Thursday, December 24, 2009

Scalable video coding (SVC) to impact global videoconferencing market

HACKENSACK, USA: Wainhouse Research has released its latest study, "H.264 SVC: A Technical Assessment," an independent view of the Scalable Video Coding (SVC) standard, ratified in late 2007 whose benefits are gaining recognition and acceptance in multiple segments of the videoconferencing and unified communications markets.

The report contrasts H.264 SVC with the preceding H.264 (AVC) Baseline Profile used for many years in traditional videoconferencing systems. Conclusions were based on side-by-side comparisons of a variety of videoconferencing devices and analysis of architecture and coding aspects.

“When properly implemented, an SVC-based video conferencing solution offers many benefits including decreased latency, enhanced video quality, significantly improved network error tolerance, decreased costs and more,” said Andrew W. Davis, Senior Analyst, Wainhouse Research. “SVC is a more versatile encoding method than any of its predecessor algorithms and we believe it will eventually be supported by all videoconferencing vendors.”

In particular, the Wainhouse paper indicates that an H.264 SVC system can provide:
* Equal video quality over non-lossy networks.
* Dramatic improvements in the ability to host high quality, artifact-free video calls on lower cost, loss-prone IP networks, including the Internet.
* Noticeable and measurable shorter delays (and higher interactivity) on both point-to-point calls and multipoint calls between H.264 SVC-compliant systems.
* Impressive reduction in the cost of infrastructure hardware to support multipoint.
* Ability to support video calls between endpoints with widely varying processor power and network performance characteristics.

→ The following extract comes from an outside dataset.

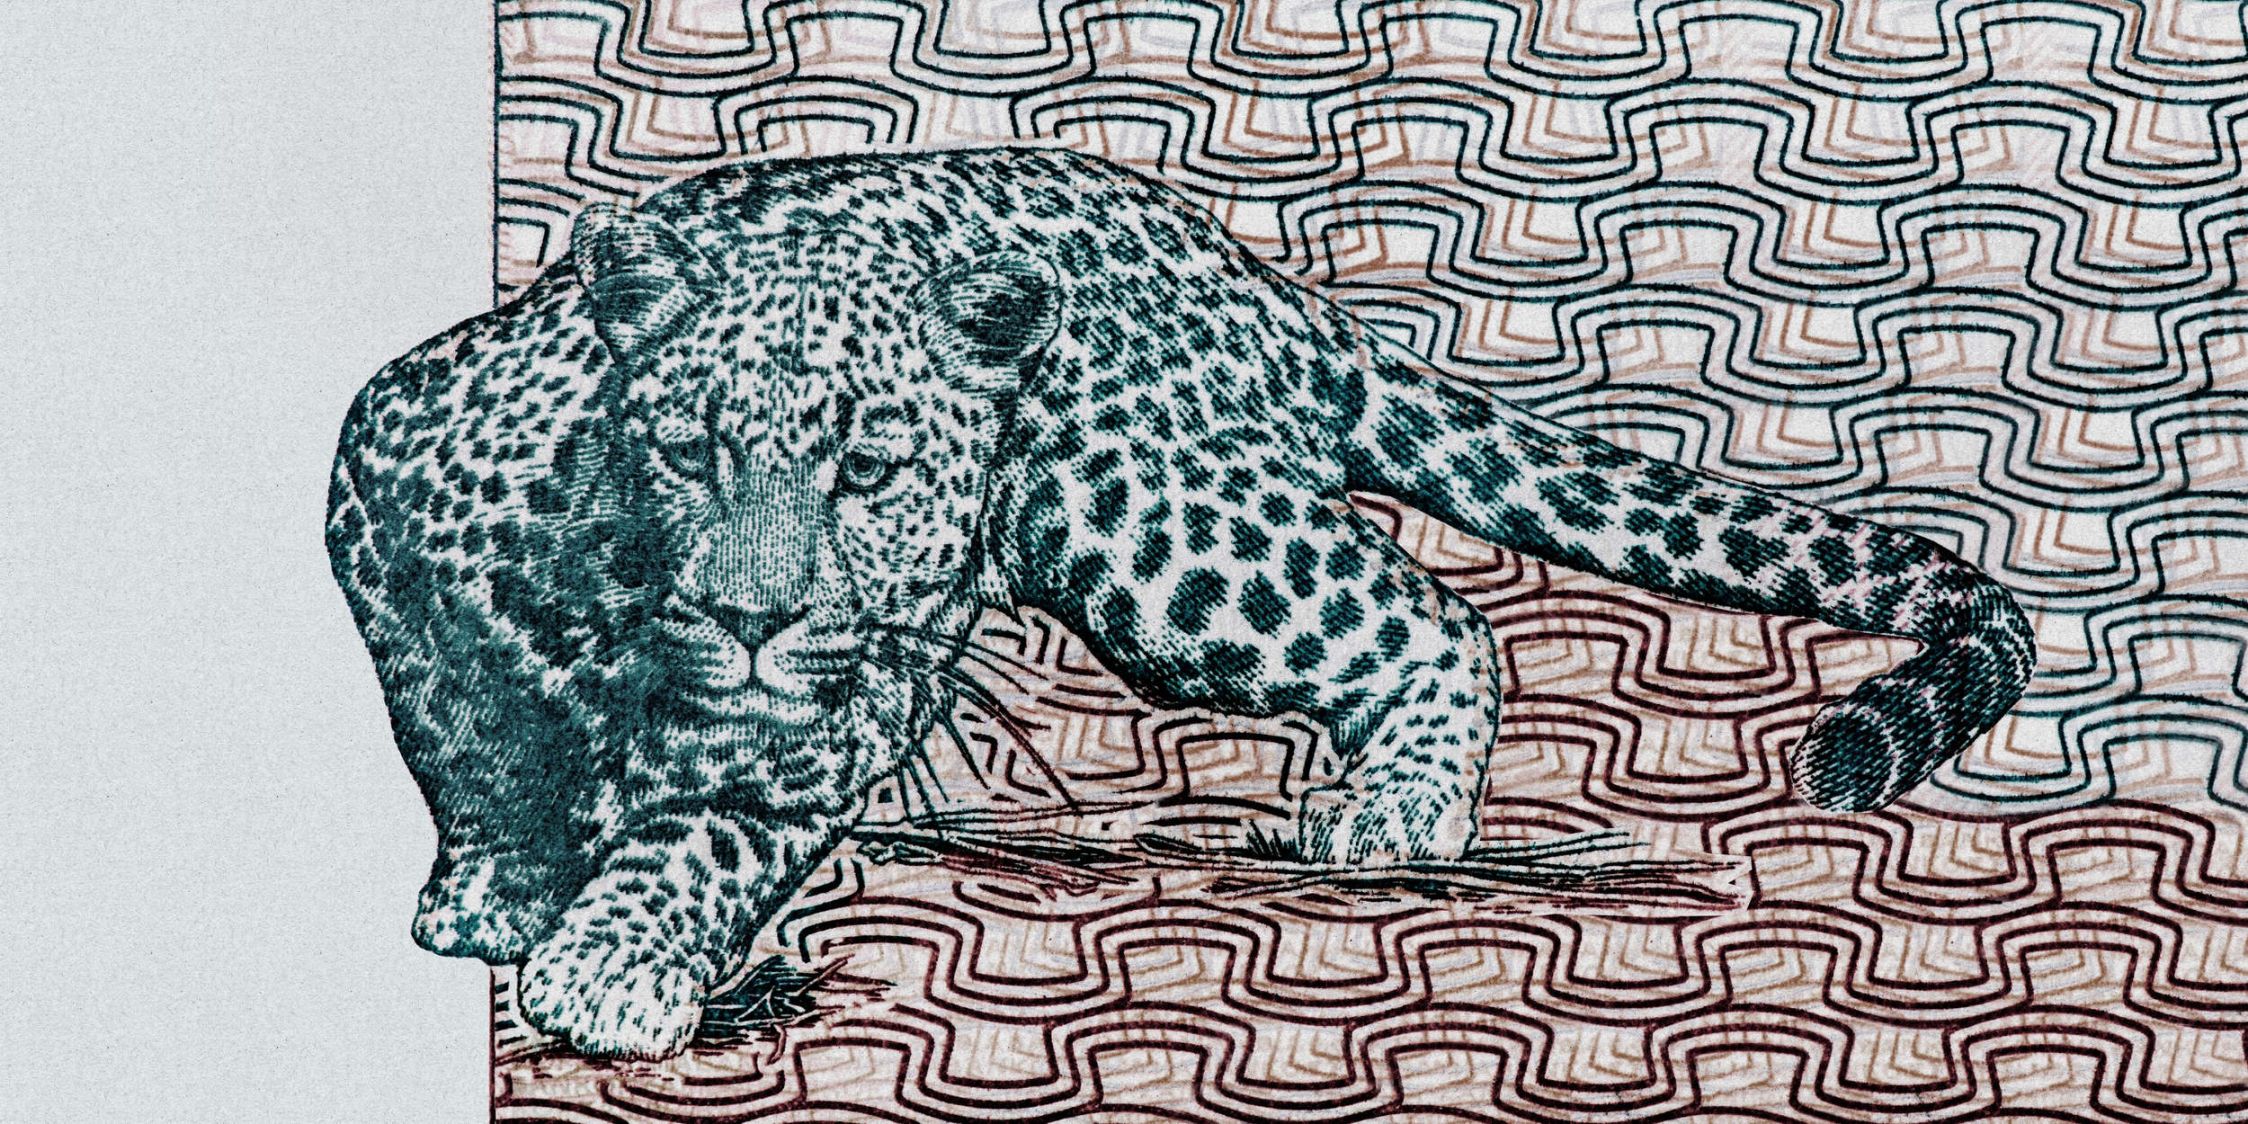             Fototapete »yugana« - Leopard vor abstraktem Muster – Kraftpapier-Struktur | Glattes, leicht glänzendes Premiumvlies

“One of the primary ‘take-aways’ from this report is that Enterprise as well as SMB customers need to exercise caution before investing in a videoconferencing solution based on an architecture that could soon be obsolete,” said Marty Hollander, Senior VP of Marketing at Vidyo.

“Video conferencing is a nascent market and we’re on the cusp of the next generation architecture. Investing in non-SVC-based traditional solutions at this point in time would be like deploying fax machines on traditional telephone networks at the time that email was becoming prevalent to all on standard IP networks.”

Vidyo built its unique architecture from the ground up, leveraging what was then the new video compression standard, and was the first company to launch SVC-based videoconferencing technology and products, shipping its end-user solution in March of 2008.

Since H.264 SVC enables a video stream to be broken into multiple resolutions, quality levels and bit rates, Vidyo utilized this capability, integrating it with its own intellectual property to create a new architecture for multipoint videoconferencing.

VidyoTechnology offers unprecedented error resiliency, eliminating the central component of legacy video conferencing—the Multipoint Control Unit (MCU)—and replacing it with a distributed architecture using an application layer router.

VidyoConferencing was the first video multipoint solution that could deliver rate matching and continuous presence capabilities without an additional video encode and decode. This unique capability allows for less than half of the end-to-end latency of MCU-based solutions. Because there is no MCU encoding and decoding bottleneck, there is no resulting latency introduced on VidyoConferences.

“Vidyo is a visionary and technology leader in enterprise-ready desktop video conferencing,” said Davis. “They have developed a patented, potentially disruptive, next generation architecture that leverages the new SVC standard to deliver impressive video quality under unmatched network conditions. We believe other companies will follow Vidyo’s early lead to move to SVC-based video conferencing because of the resulting improvements in conferencing quality, ease of deployment, and reduced communications costs.”